Тогда Маргарет напомнила родителям, что ей понадобится по меньшей мере два года, чтобы закончить хотя бы бакалавриат по английскому языку, не говоря уже о степени магистра по библиотечному делу, на что мать ответила следующее: «Советую вначале позаботиться о замужестве, а уж потом начинать думать о бакалавриате».
Несколько обескураженная Маргарет сделала все возможное, чтобы справиться с почти безвыходной ситуацией. Вернувшись осенью в Серси, она нашла работу в «Бартлби», единственном книжном магазине в городе, и сняла комнату у его же владелицы Риты Джонсон, вдовы, которая поклонялась лишь письменному слову, а политические предпочтения сводились скорее к Бетти Фридан[2], чем к Ричарду Никсону[3]. Миссис Джонсон проживала в уютном двухэтажном домике недалеко от студенческого кампуса, брала за аренду сущие гроши и не устанавливала почти никаких правил. Ей было все равно, за какими занятиями проводит время Маргарет, лишь бы та не водила мальчиков на второй этаж. Телевизором и проигрывателем Маргарет также могла пользоваться без ограничений: главное, чтобы не слишком громко.
Новоприобретенная свобода привнесла с собой резкую, почти пугающую перемену в образе жизни по сравнению со строгими правилами студенческого общежития. Маргарет никогда не хотела учиться в Тилдене – с его писаными принудительными моральными обязательствами и непременным посещением воскресных утренних богослужений. Она поступила туда лишь потому, что это был единственный колледж, за который был согласен платить ее отец. В итоге она смирилась с необходимостью терпеть многочисленные религиозные ритуалы в надежде обрести высшее образование, карьеру и свою собственную жизнь. Но на вкус настоящую жизнь она впервые попробовала только теперь, поселившись у миссис Джонсон.

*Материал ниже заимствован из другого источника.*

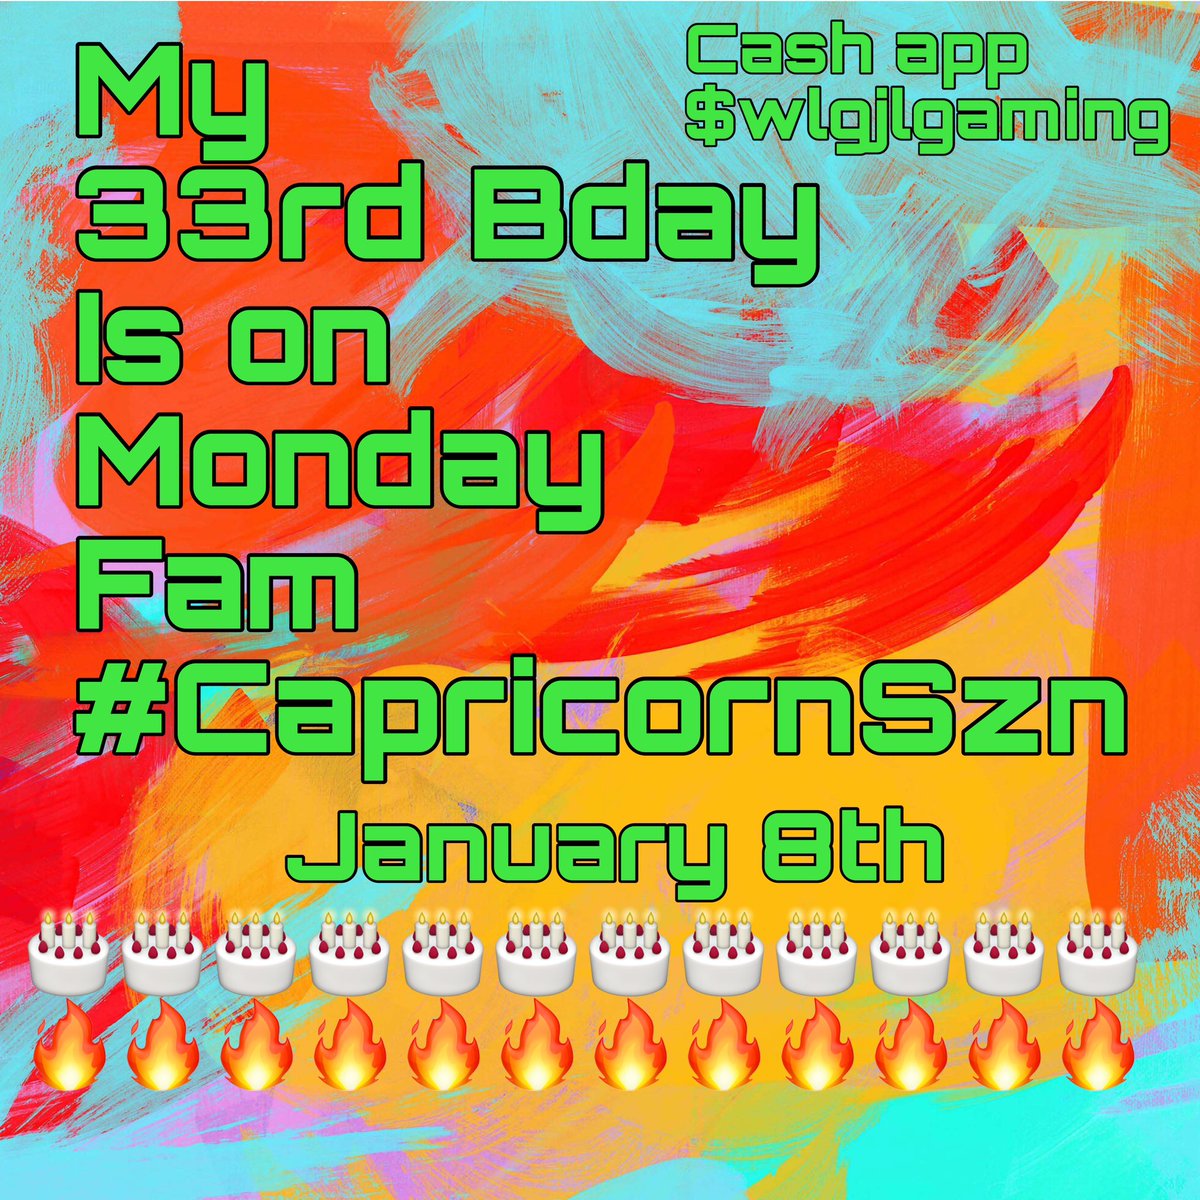 Bday on Monday yall #Capricorn #CapricornSeason #teamcapricorn #Jan8th #January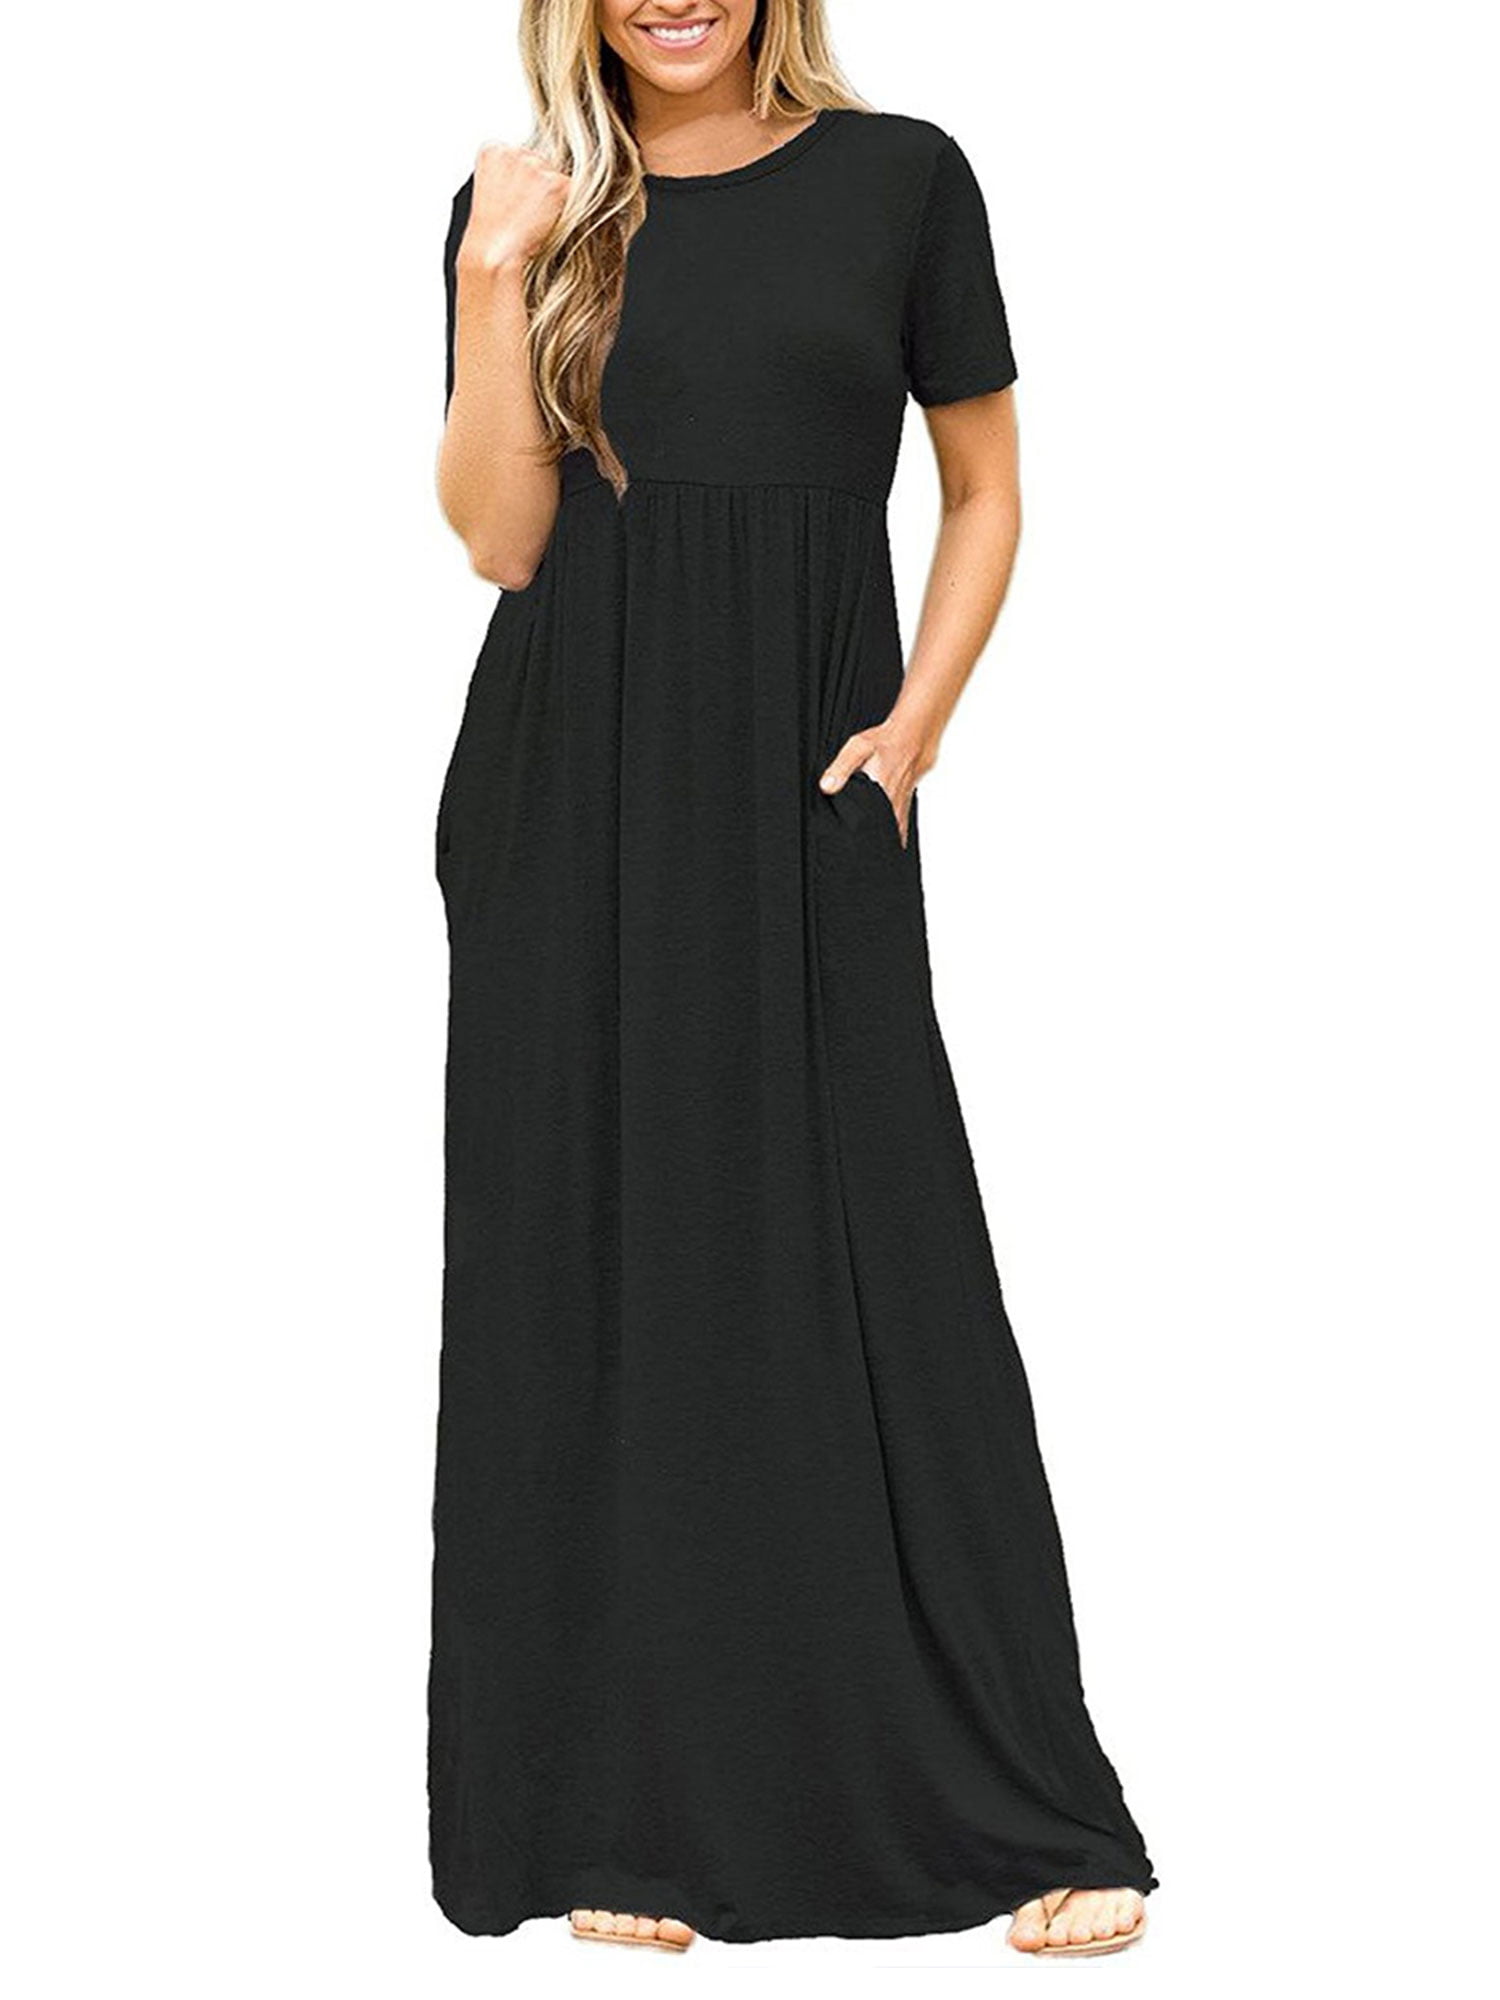 KEDUDES Women Long Maxi Dress Casual Plus Size Fashion Dresses Baggy Black

Маргарет полюбила свое новое пристанище и обретенную свободу, а больше всего – тусклое освещение и узкие проходы между стеллажами магазина «Бартлби». Ей нравилось расставлять на полках свежие книжные поступления, устраивать тематические выставки и помогать своим покупателям – родственным душам по охоте за интересными историями. Единственной досадной помехой в ее работе стал молодой человек по имени Гарри, приходивший в магазин примерно два раза в неделю и задававший вопросы, на которые, как она подозревала, он уже знал ответы: например, кто написал «Большие надежды»[4] или где она хранит биографии. Он всегда благодарил Маргарет за информацию, но независимо от того, чем он интересовался, каждый его визит неизбежно заканчивался одним и тем же: Гарри устраивался на полу у секции фантастической литературы и читал книги, при этом никогда их не покупая.
На вид он был молод, примерно одного возраста с Маргарет, и она решила, что он тоже учится в Тилдене. Маргарет недоумевала, как он находит время для того, чтобы так много читать и учиться одновременно. Кроме того, если он поступил в Тилден, то, вероятно, может позволить себе покупать книги и читать их дома. Зачем терять время и слоняться без дела? Поведение молодого человека действовало ей на нервы, но всякий раз, когда она осторожно пыталась его расспрашивать, он ставил неприобретенный товар на полку и с извинениями уходил.
Какое-то время она трудилась в магазине по тридцать два часа в неделю, посещая занятия и занимаясь учебой в свободное от работы время, но выдерживать эту повседневную рутину оказалось тяжелее, чем она ожидала. Работа, даже такая относительно легкая, как в спокойном «Бартлби», все равно истощала физические силы. После полной смены у нее гудели ноги, а мозг напоминал выжатую губку. Все, что ей хотелось в такие минуты, – это прилечь на узкий диванчик миссис Джонсон и тупо смотреть в телевизор. Учеба по вечерам, когда Маргарет делала над собой усилие, превращалась в медленный, монотонный и очень трудоемкий процесс. Ей было трудно сосредоточиться и приходилось снова и снова перечитывать параграфы (или даже отдельные предложения), чтобы уловить хоть какие-то намеки на смысл. Она постоянно ощущала усталость, просыпала, пропускала занятия, отдавала выполненные задания слишком поздно или вообще их не делала. Немудрено, что к концу сентября текущие оценки стали хуже некуда.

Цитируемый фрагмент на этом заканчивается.